Che fosse di nobile famiglia lo prova il fatto che, nella trattazione, cercava di glorificare più che altro le gesta della sua Gens Valeria. A lui, infatti, risalgono, almeno in gran parte, le falsificazioni, di cui abbonda la pseudostoria romana, a favore dei Valerî, delle quali si ha un buon saggio nella vita plutarchea di Valerio Publicola.
Valerio fu autore di un'opera voluminosa dal titolo di Annali (Annales) o Storie (ab urbe condita), in almeno 75 libri. Riprendendo la tradizione annalistica, egli si rifaceva dalla fondazione di Roma fino al 78 a.C. data della morte di Silla, seguendo, nello stesso tempo, la moda romanzesca della neoannalistica dell'epoca, come nel contemporaneo Quinto Claudio Quadrigario.
Infatti la sua opera, quasi tutta perduta tranne che brevi citazioni, era spesso corrotta da esagerazioni e falsificazioni sia nella narrazione dei fatti che nel numero[1], come nell'affermazione, giustamente ridicolizzata da Livio, che le vergini sabine erano esattamente sette.
In realtà, pare che dedicasse poco spazio alla storia arcaica, anche se delle 71 menzioni della sua opera nelle fonti, ben 67 lo citano per i tempi leggendari.

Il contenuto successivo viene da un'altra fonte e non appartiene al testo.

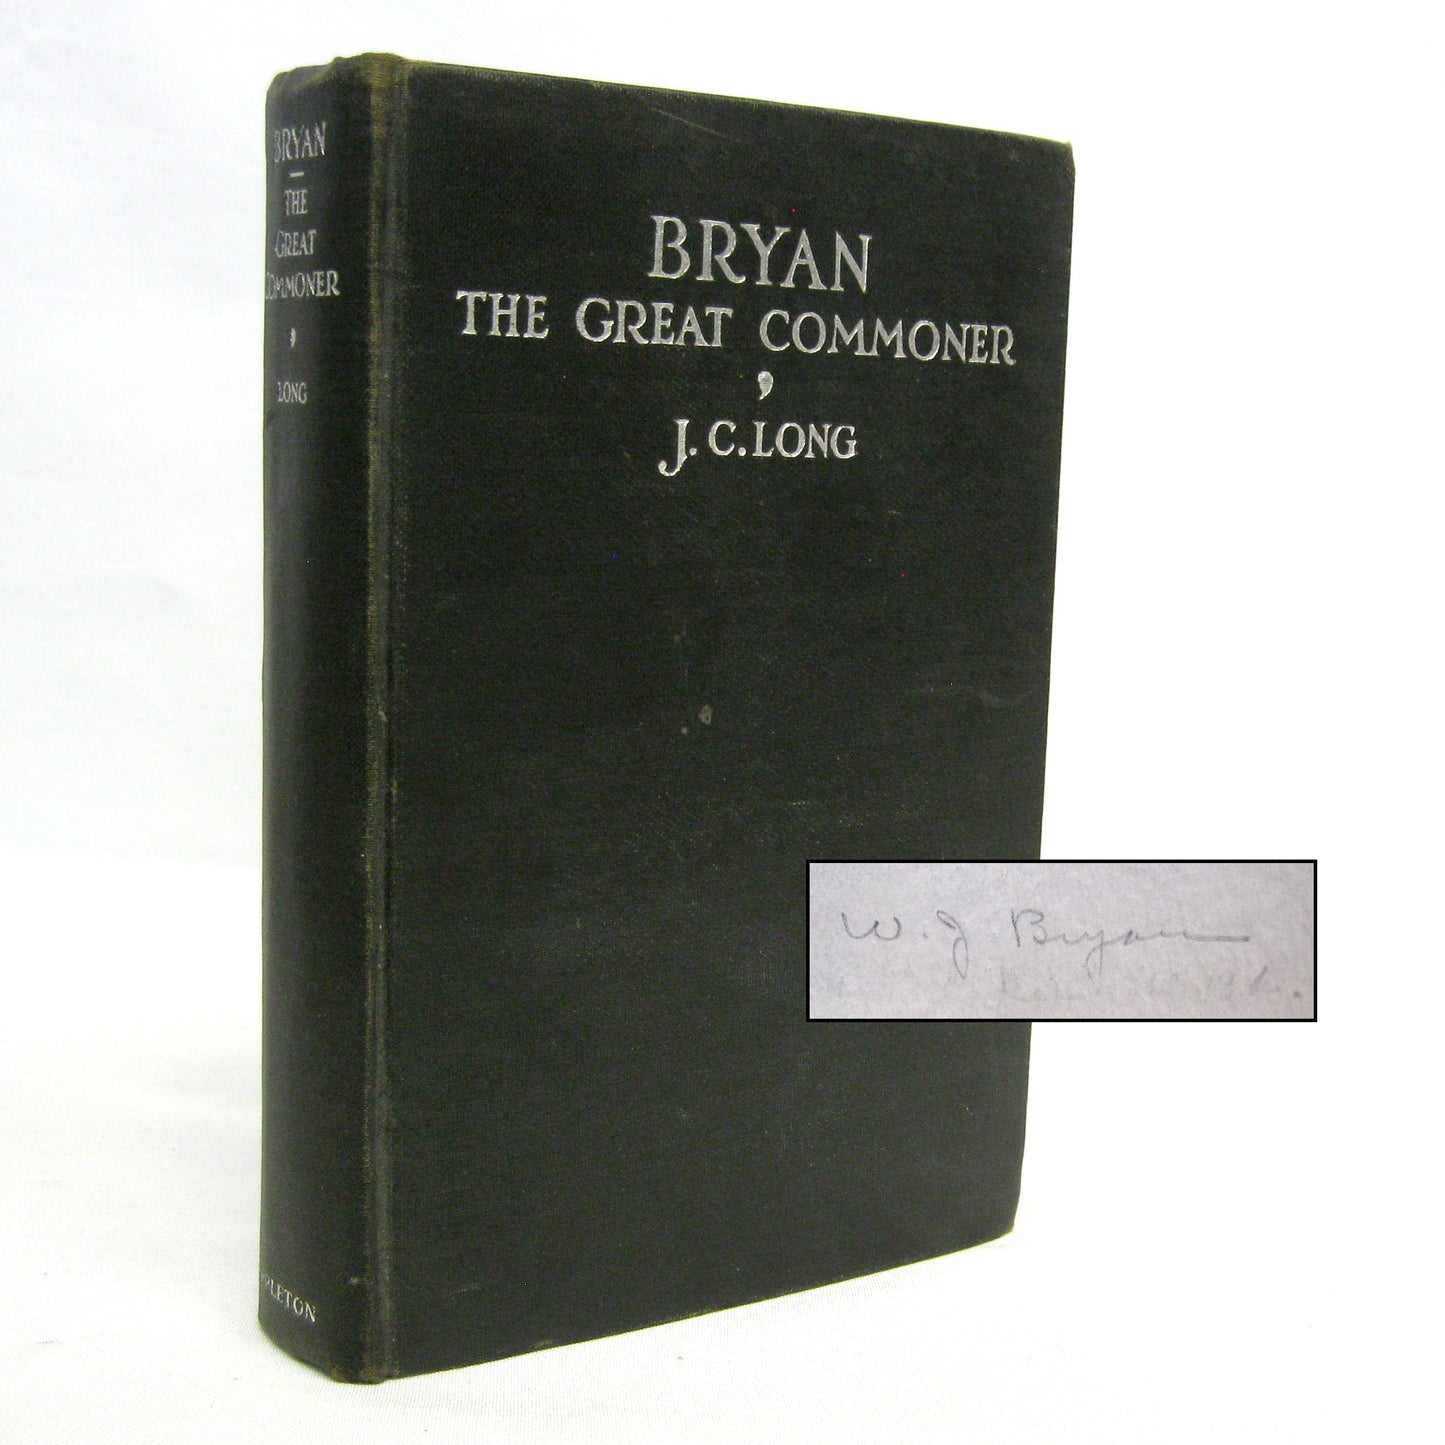 Bryan the Great Commoner by JC Long

Per i caratteri romanzeschi e le cifre iperboliche, Anziate fu molto criticato da Tito Livio, che ne utilizzò, comunque, l'opera in modo abbastanza ampio. Da ciò spesso molti errori di Livio mutuati da Anziate, come, in anni in cui altre fonti greche e latine tacciono, pone battaglie con enormi numeri di caduti.